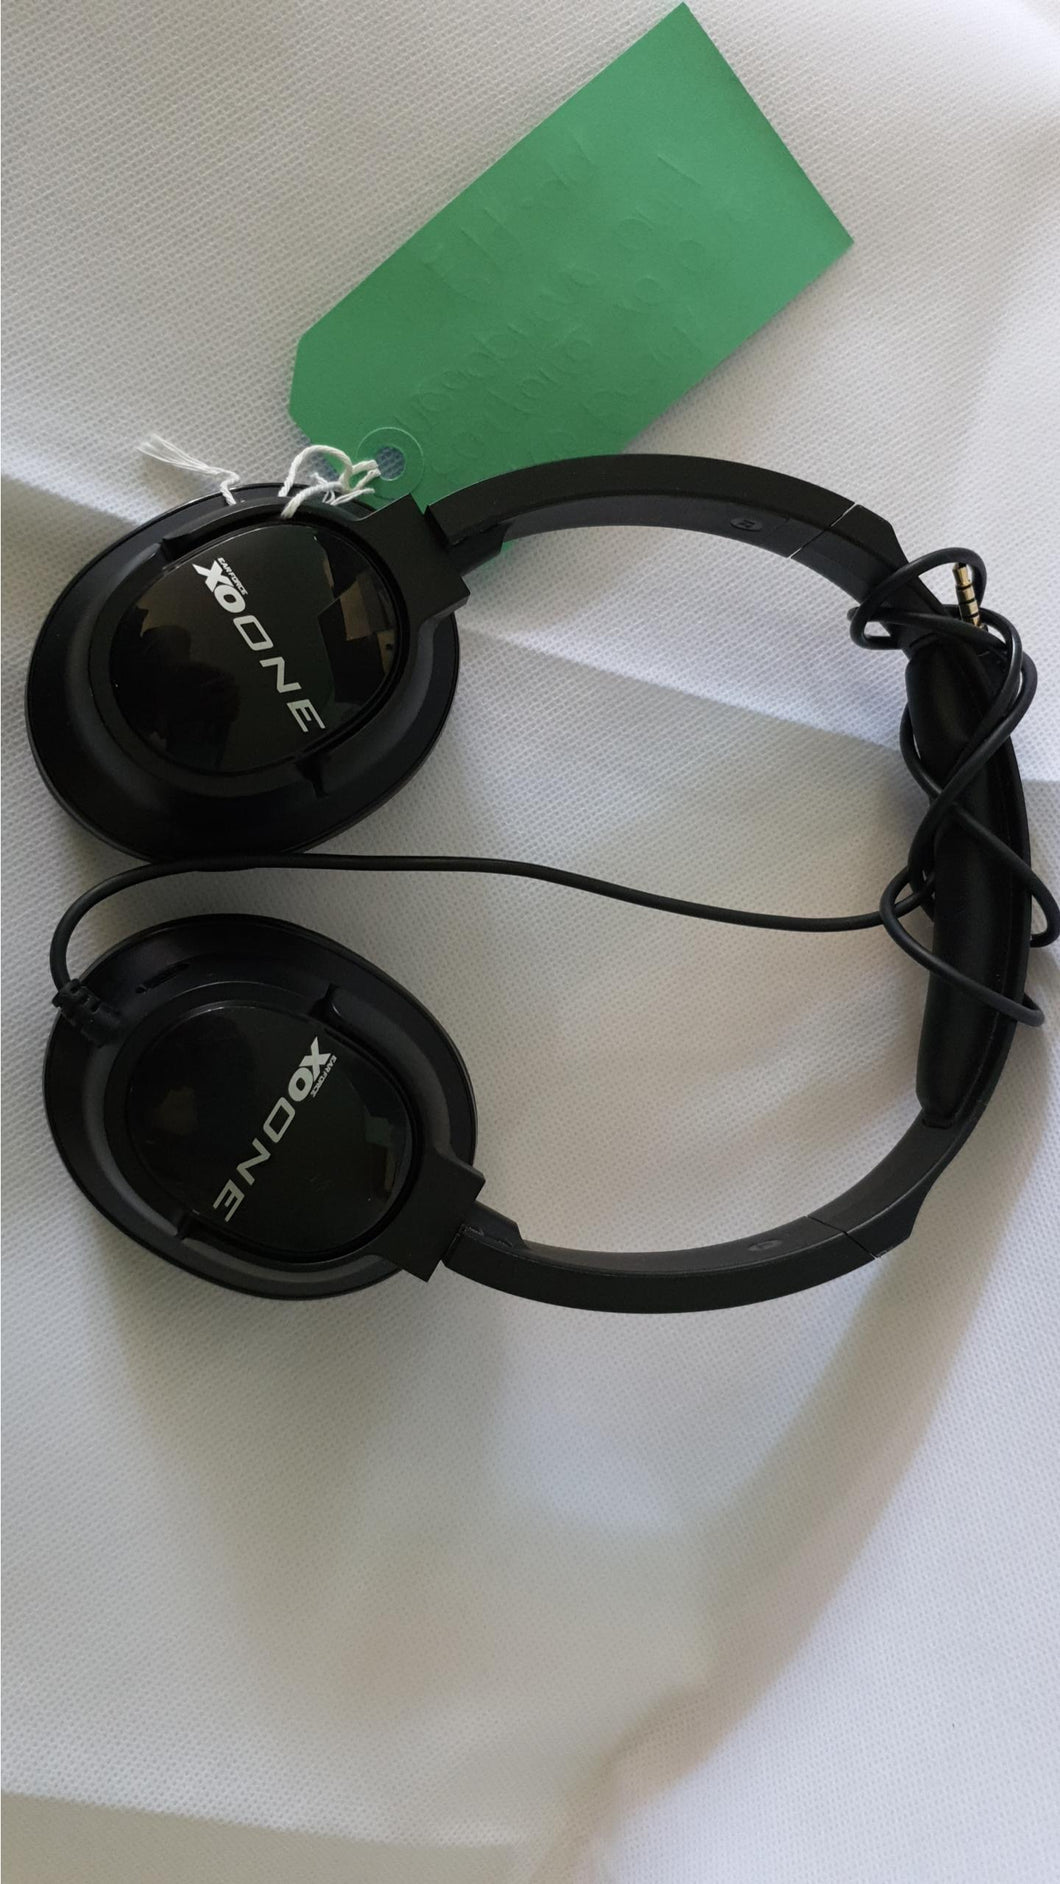 Turtle Beach Earforce XO One Headphones. Do not work with mic ideal as headphones
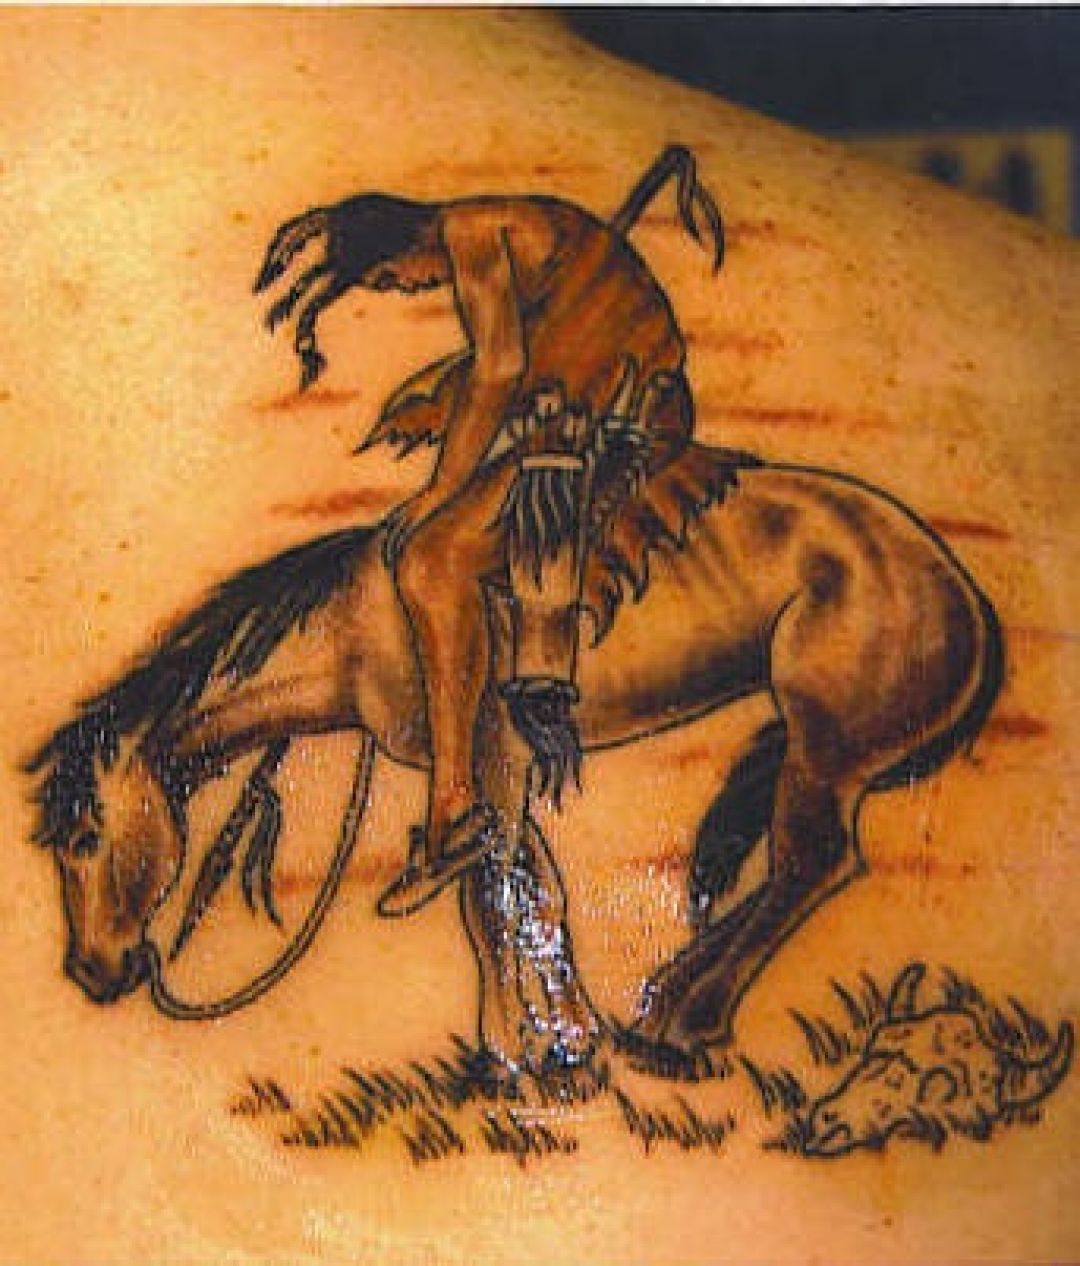 INDIAN WAR HORSE Temporary Tattoo  Adult Body Art Large A5 Horses  Tattoos   eBay
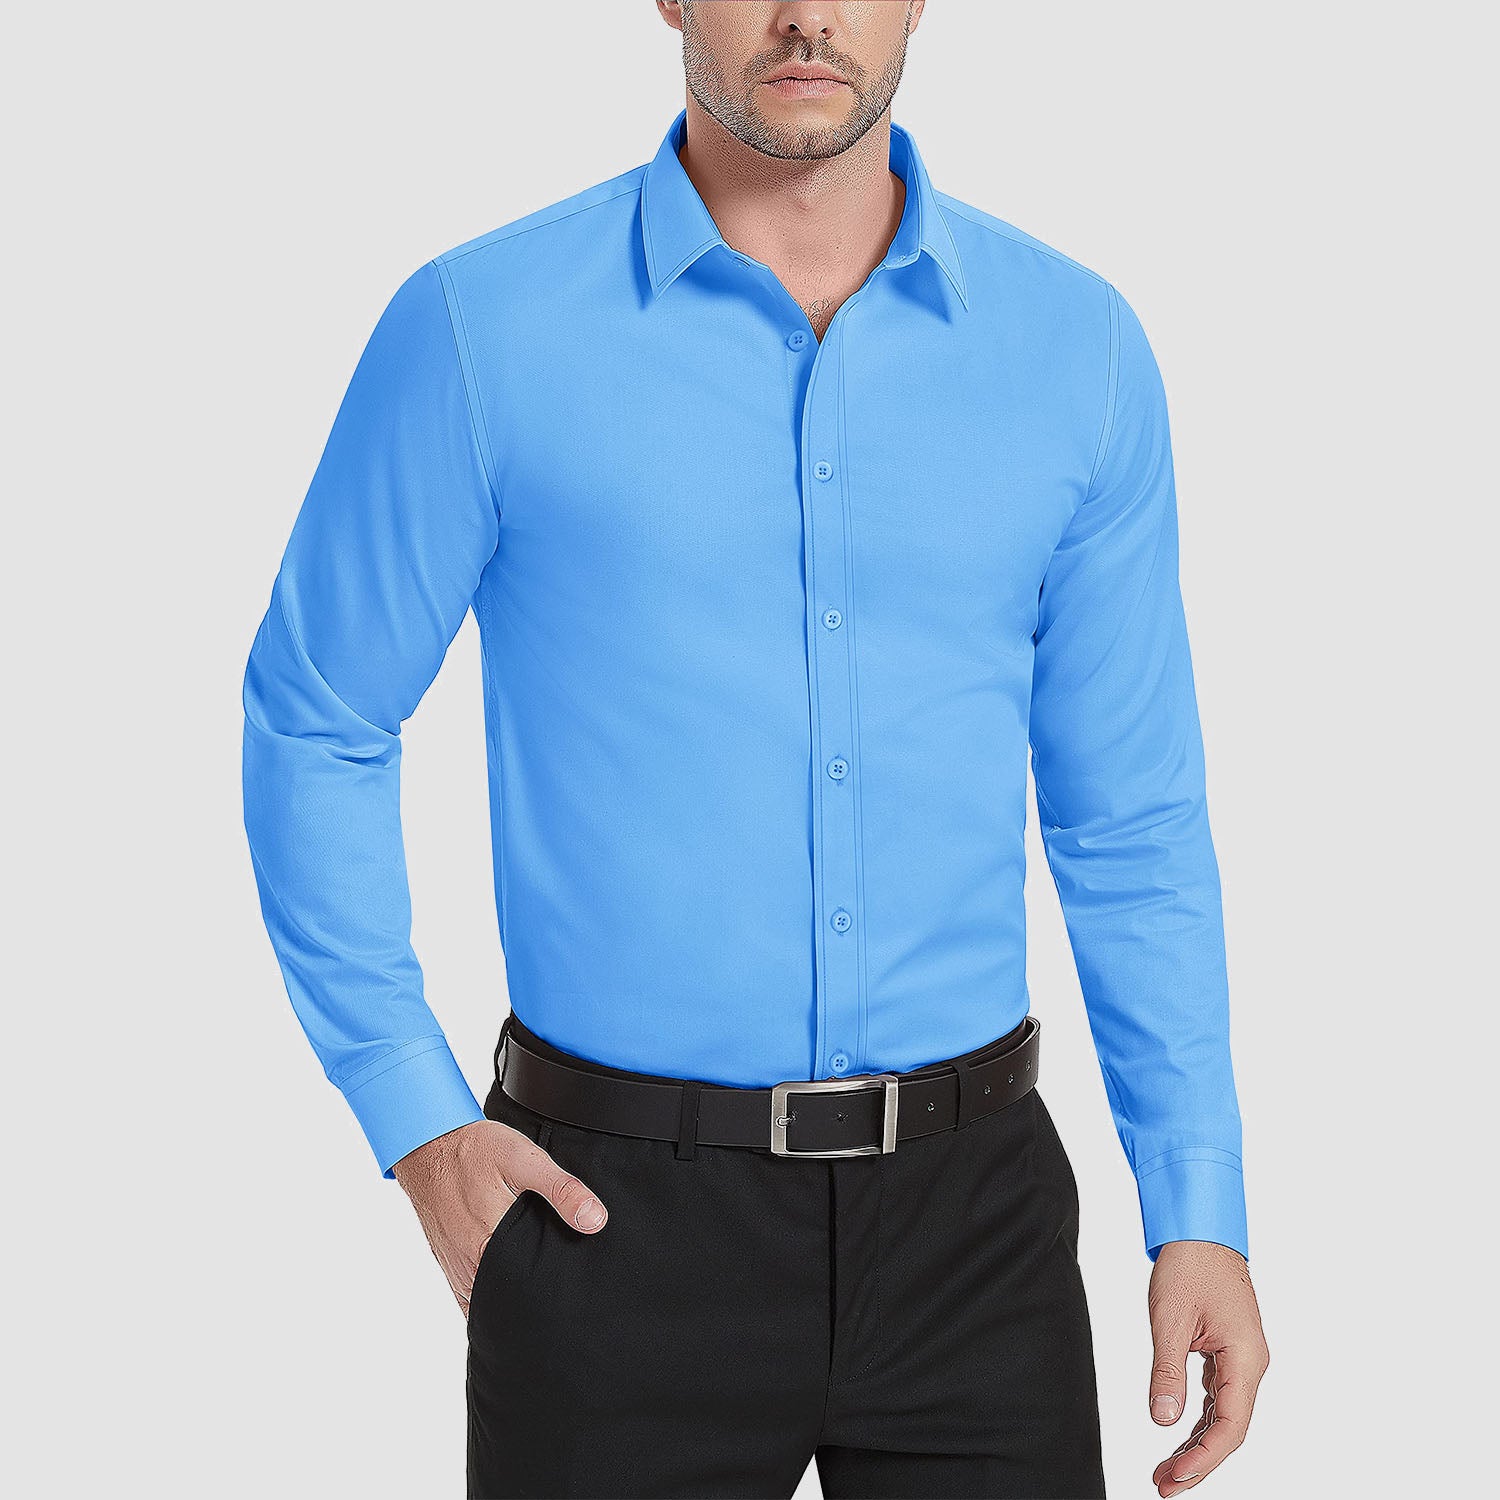 Men's Long Sleeve Shirts Wrinkle-Free Slim Fit Shirt

## Problem description
The lines wanted run from the one with "INDIAN WAR HORSE" through the final line of the data; repeat them word for word and skip every picture.

## Result
 INDIAN WAR HORSE Temporary Tattoo  Adult Body Art Large A5 Horses  Tattoos   eBay
 Men's Long Sleeve Shirts Wrinkle-Free Slim Fit Shirt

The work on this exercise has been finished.